For whom the bell tolls

Paul Trewhela on the crushing of the ANC's Prague Spring

A major event in the history of South Africa took place forty years ago, on the morning of 21st August 1968 - the crushing of the Prague Spring in Czechoslovakia by Russian tanks. This totalitarian crime, the destruction of the freedom of one nation by the masters of another, was supported and endorsed in public statements by the South African Communist Party and the African National Congress.

As joint participants in the government of the South Africa since the ending of apartheid, despite their official dogma of national liberation, neither party nor the Government of South Africa has made public apology for this affront to the peoples of the Czech Republic and the Slovak Republic. Some nations, apparently, deserve liberation more than others.
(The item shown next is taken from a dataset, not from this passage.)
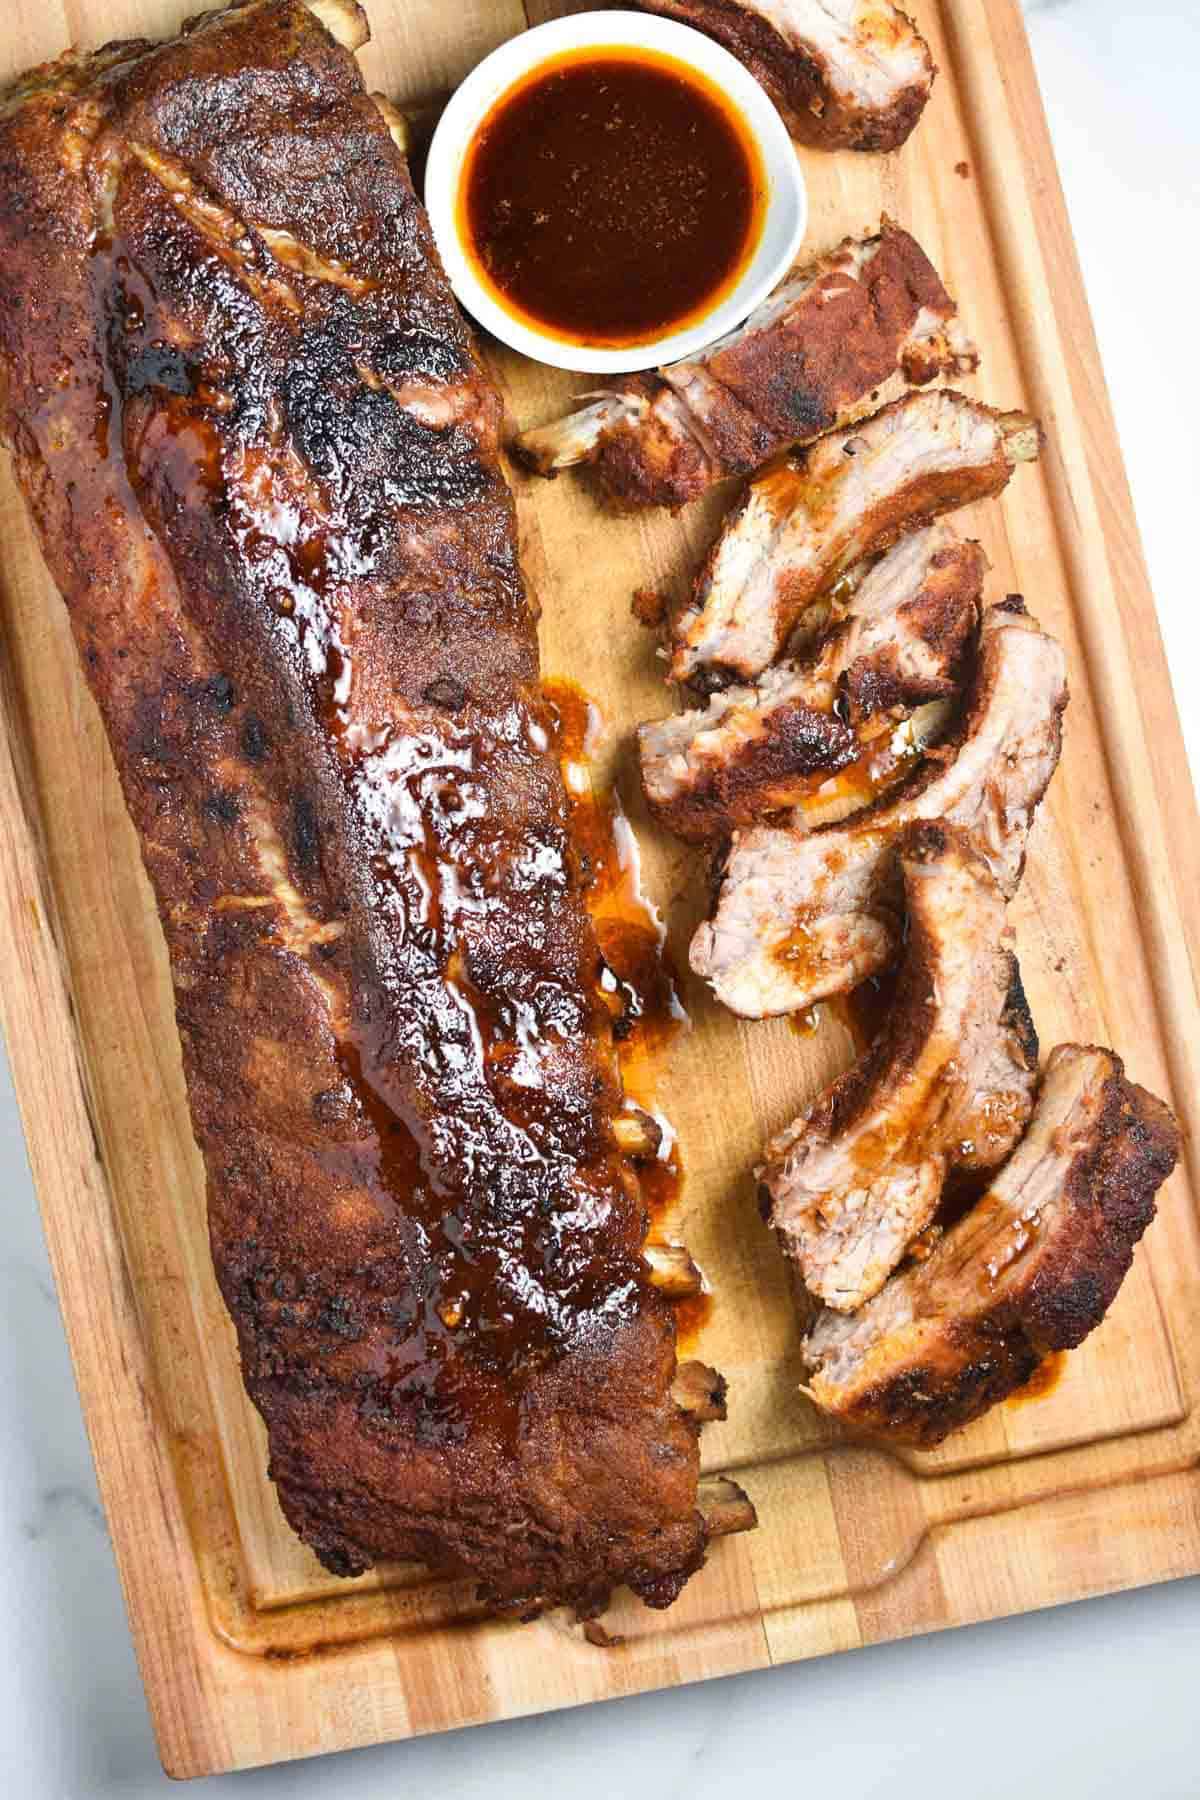 juicy bbq oven ribs rack on a wooden board with a barbecue sauce on the side.

The crushing of the Prague Spring is a matter of acute relevance for the people of Georgia now, as with Tibet , for whom it is their own present story. That great bully - the "Great Russian Derzhimorda", as Lenin described him in his deathbed writings, in reference to Stalin - is constantly applauded by the dominant majoritarian party of government in South Africa and its Communist brains trust as if it were the apostle of freedom, and in particular of national freedom. They forget Marx's wise remark, that the nation that enslaves another enslaves itself.

This is the real, open secret of the support of the Mbeki government for the dictatorship of the Mugabe junta in Zimbabwe. The heritage of the Soviet crushing of the Prague Spring, endorsed and supported at the time by Thabo Mbeki and his leading ministers, has governed their silence to this day on the genocidal massacre - the Gukurahundi - by the Mugabe regime in Matabeleland 25 years ago, an affront to any notion of an African Renaissance.

From the support of the SACP and the ANC for the Russian invasion of Czechoslovakia, a clear thread of political consistency led these parties ten years later to establish their own Gulags for political dissenters in the ANC, in particular at Quatro punishment camp in northern Angola. Its principal inmates were young South Africans of the generation of the 1976 Soweto school students' uprising, who had imbibed the libertarian spirit of 1968 prior to the crushing of the Prague Spring.

Idealistic, brave, and filled with a passion to put an end to apartheid, these young people had sought a real and not a slave's education in South Africa and were no different from the young people of Czechoslovakia in their desire for a real and not a sham democracy in their own organisation, the African National Congress.

The first of the demands of the '76 generation in their peaceful mutiny at Viana camp outside Luanda in February 1984 was for a democratic conference of the ANC. (Every member of the National Executive Committee of the ANC up to that time was an appointee. The members of the '76 generation had no elected representation in the NEC, even though they supplied two of the ANC army's three detachments). Their second demand was for the suspension and investigation of the ANC's Security Department, partly because of its brutal KGB-type behaviour, partly because they believed - rightly - that it was infiltrated right up to the top by the South African regime. Their third demand was to be sent to South Africa to fight, rather than be consumed in an Angolan civil war.

This extraordinary mutiny, in which the mutineers' demand was to be sent to the front rather than withdrawn from battle, was the ANC's Prague Spring. Its crushing was as the crushing of Czechoslovakia by Russian tanks.

This generation from the mutiny in the ANC in 1984, the generation of '76, continues to remain politically mute in South Africa, a generation without a voice, inhibited by its memory of the capacity for violence of the ANC's Stalinist heritage. When it hears of the crushing of the Prague Spring in August 1968, it thinks in the spirit of John Donne's Meditation of 1624: 

No man is an island entire of itself...
... never send to know for whom
the bell tolls; it tolls for thee.

August 21st 2008 is a day for the most profound meditation in South Africa, the anniversary of the occasion when its governing party directly endorsed dictatorship.

Never send to know for whom the bell tolls; it tolls for thee.